UP LIBRARY COUNCIL OPPOSES REMOVAL OF ‘SUBVERSIVE’ MATERIALS

/ 8 November 2021

THE UNIVERSITY Library Council of the University of the Philippines strongly opposed the banning and removal of subversive reading materials from libraries in the Cordillera Administrative Region and other parts of the country, saying that “book purges are practiced by dictatorships, not democracies.”

Earlier, the Commission on Higher Education-CAR issued Regional Memorandum No. 113 series of 2021, that encourages “all Higher Education Institutions in the region “to join the region-wide removal of subversive materials both in library and online platforms.”

While the memorandum does not compel librarians and heads of HEIs to remove books and materials perceived to contain subversive ideas, the Council explained that “the call of a regional regulatory body for HEIs within its jurisdiction to join a region-wide movement to ban such materials has a compelling effect on the institutions it regulates.”

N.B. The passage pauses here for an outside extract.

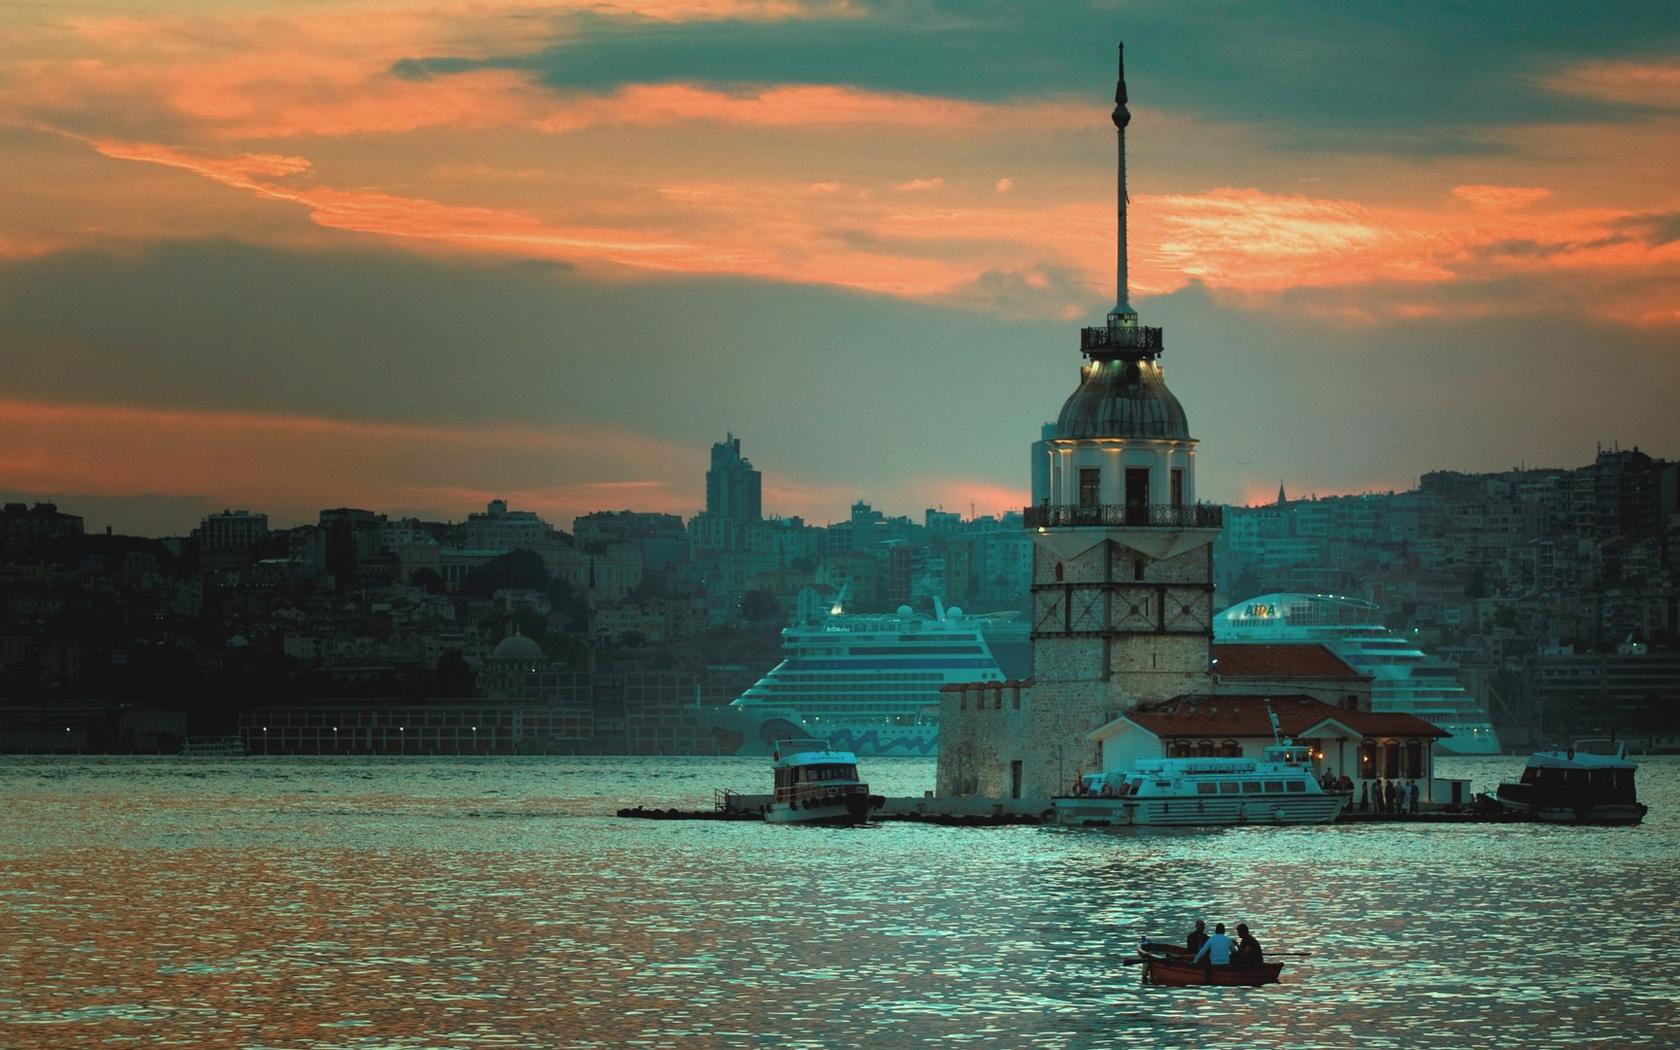 Istanbul Bosphorus Wallpapers - 1680x1050 - 1839819
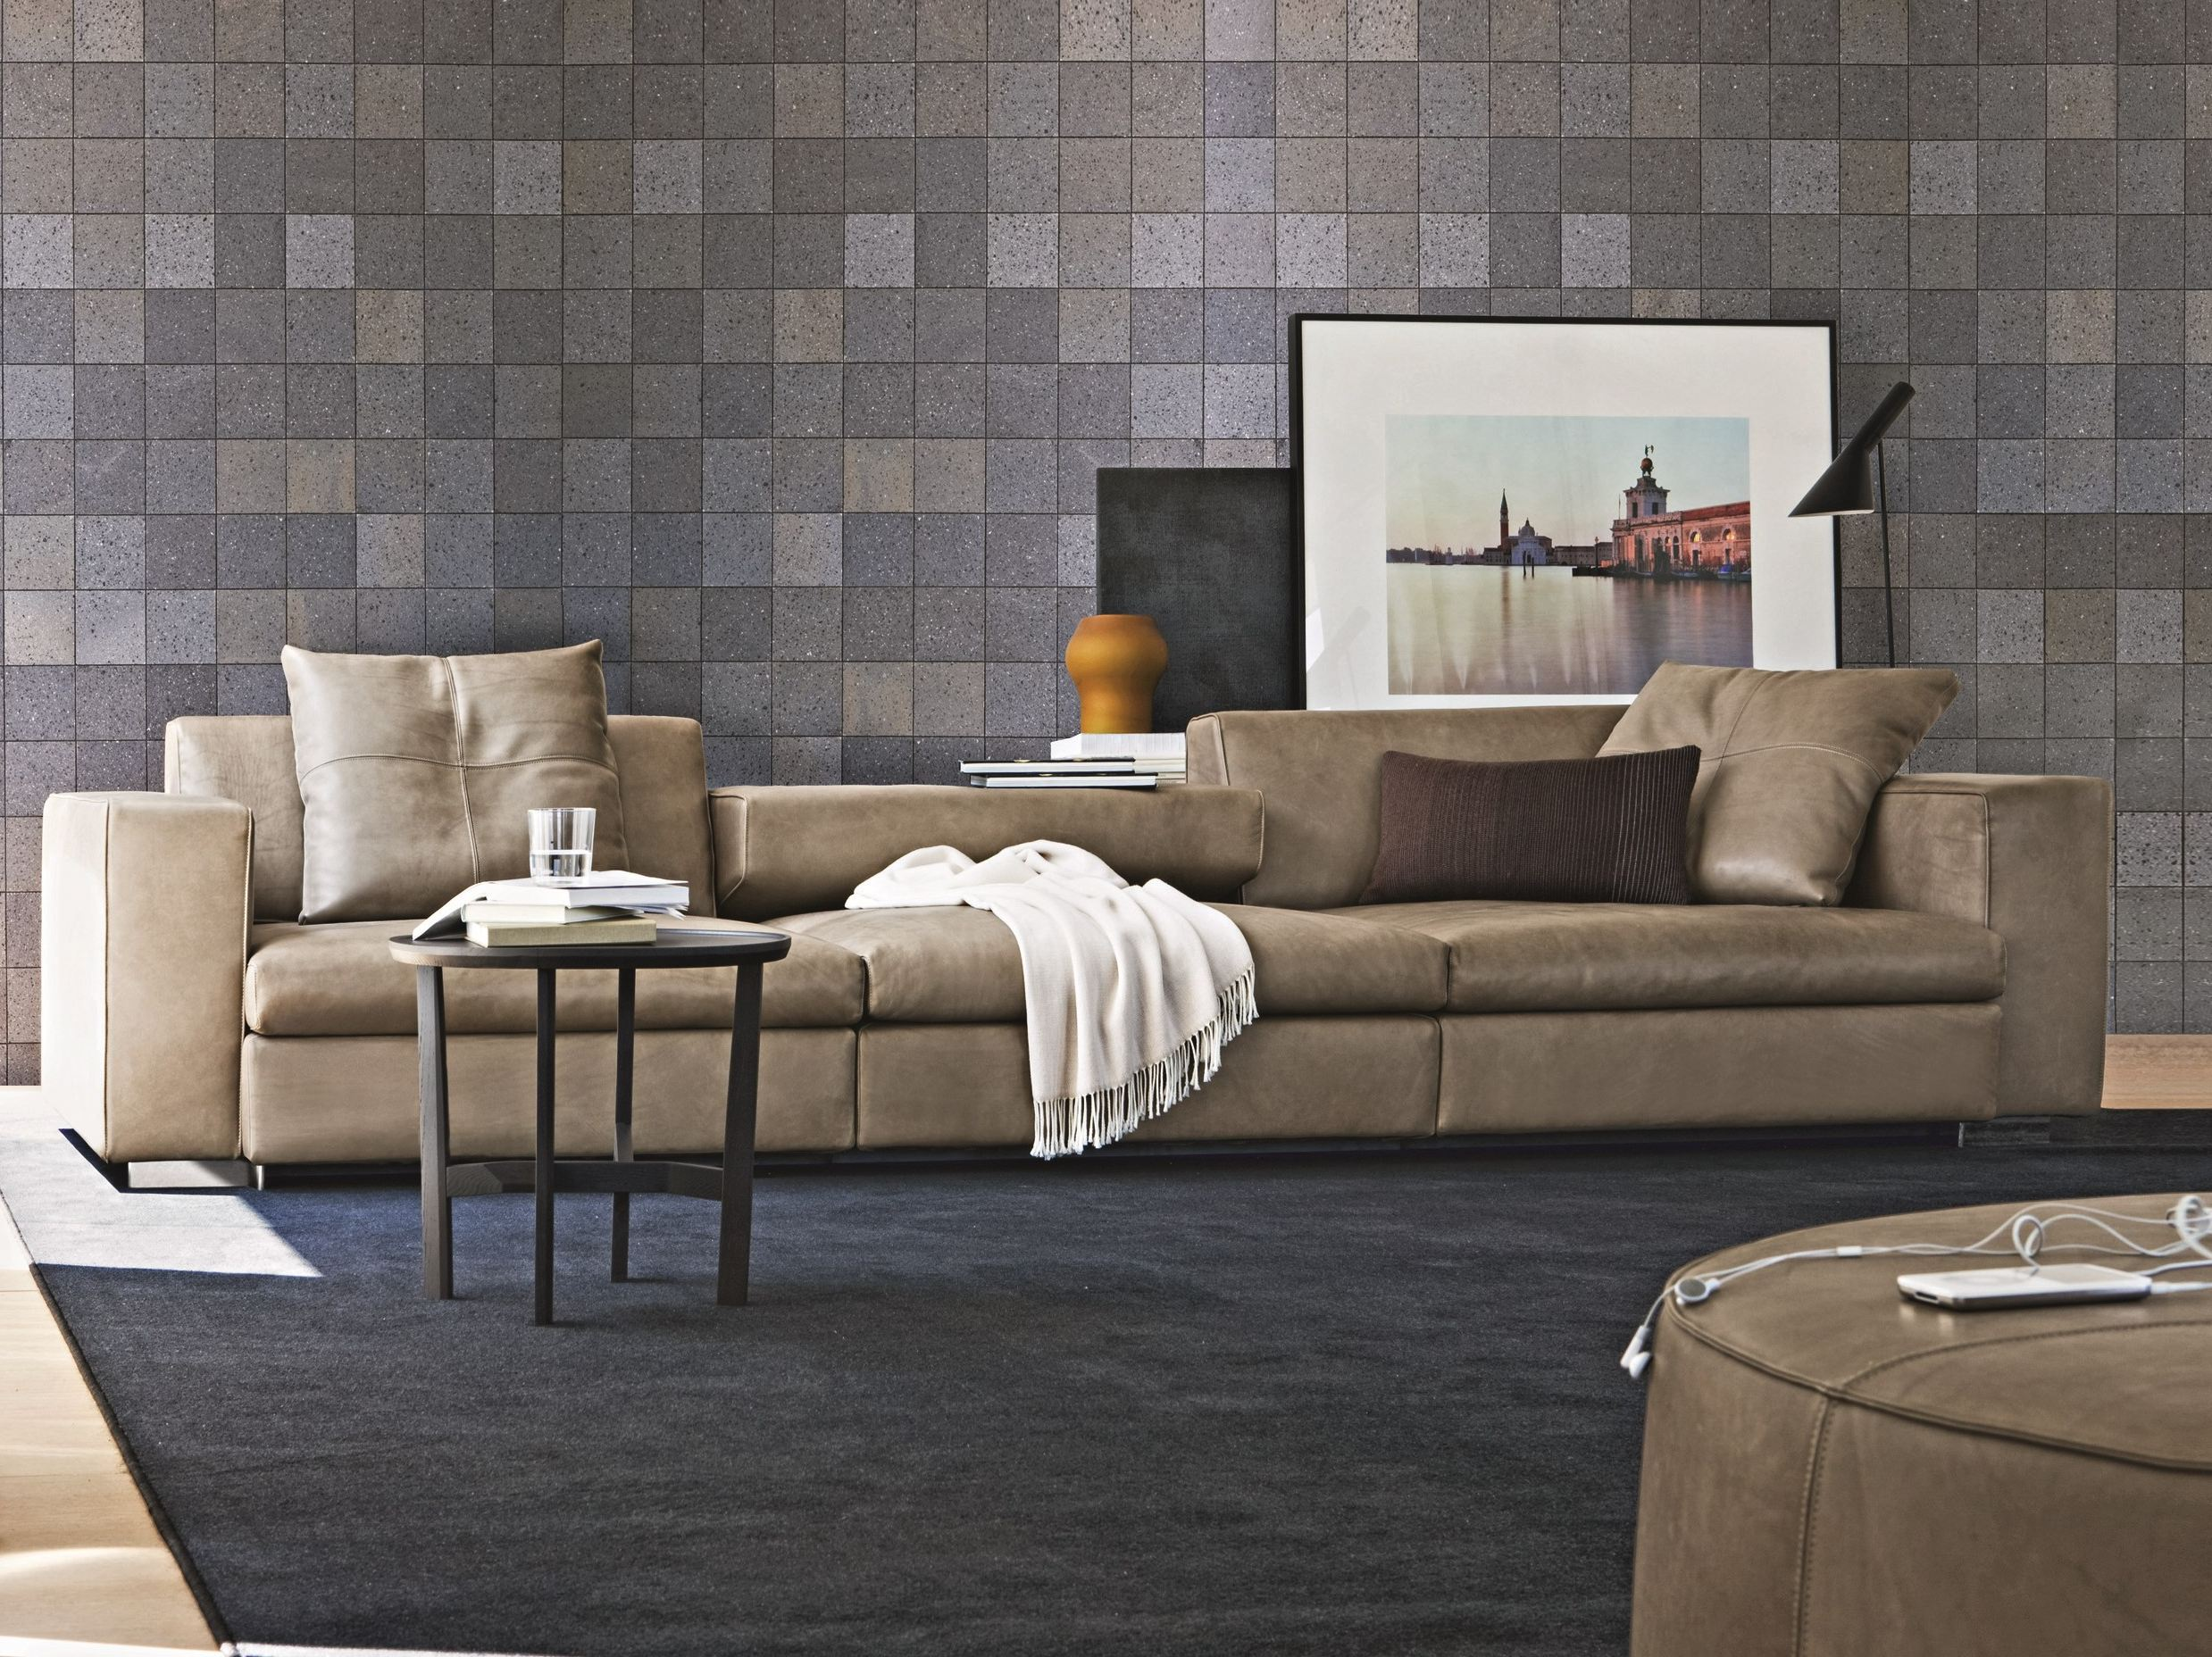 TURNER Leather sofa by MOLTENI & C. design Hannes Wettstein

“As such, it threatens to undermine the very foundation of the academic freedom guaranteed by the Constitution to all institutions of higher learning, whether public or private,” it said.

“That freedom rests on the untrammeled flow of information and knowledge contained in, among others, books, periodicals, documents, recordings, and such other media as libraries collect and distribute” it added.

The council pointed out that “as gatekeepers of knowledge,” it oversees that the UP System libraries are “ethically-bound” to resist any form of political interference “that would diminish the access of students and scholars to any materials they may need in pursuit of their studies.”

“We believe – as do our peers in other schools and departments of the University – that true learning results from the application of critical thinking to a range of ideas, and that even ideas deemed dangerous or inimical to society require critical analysis,” they stressed.

“If we are the democracy that we profess to be, then nothing can be more deleterious to that democracy than the suppression of books that contain such ideas,” they added.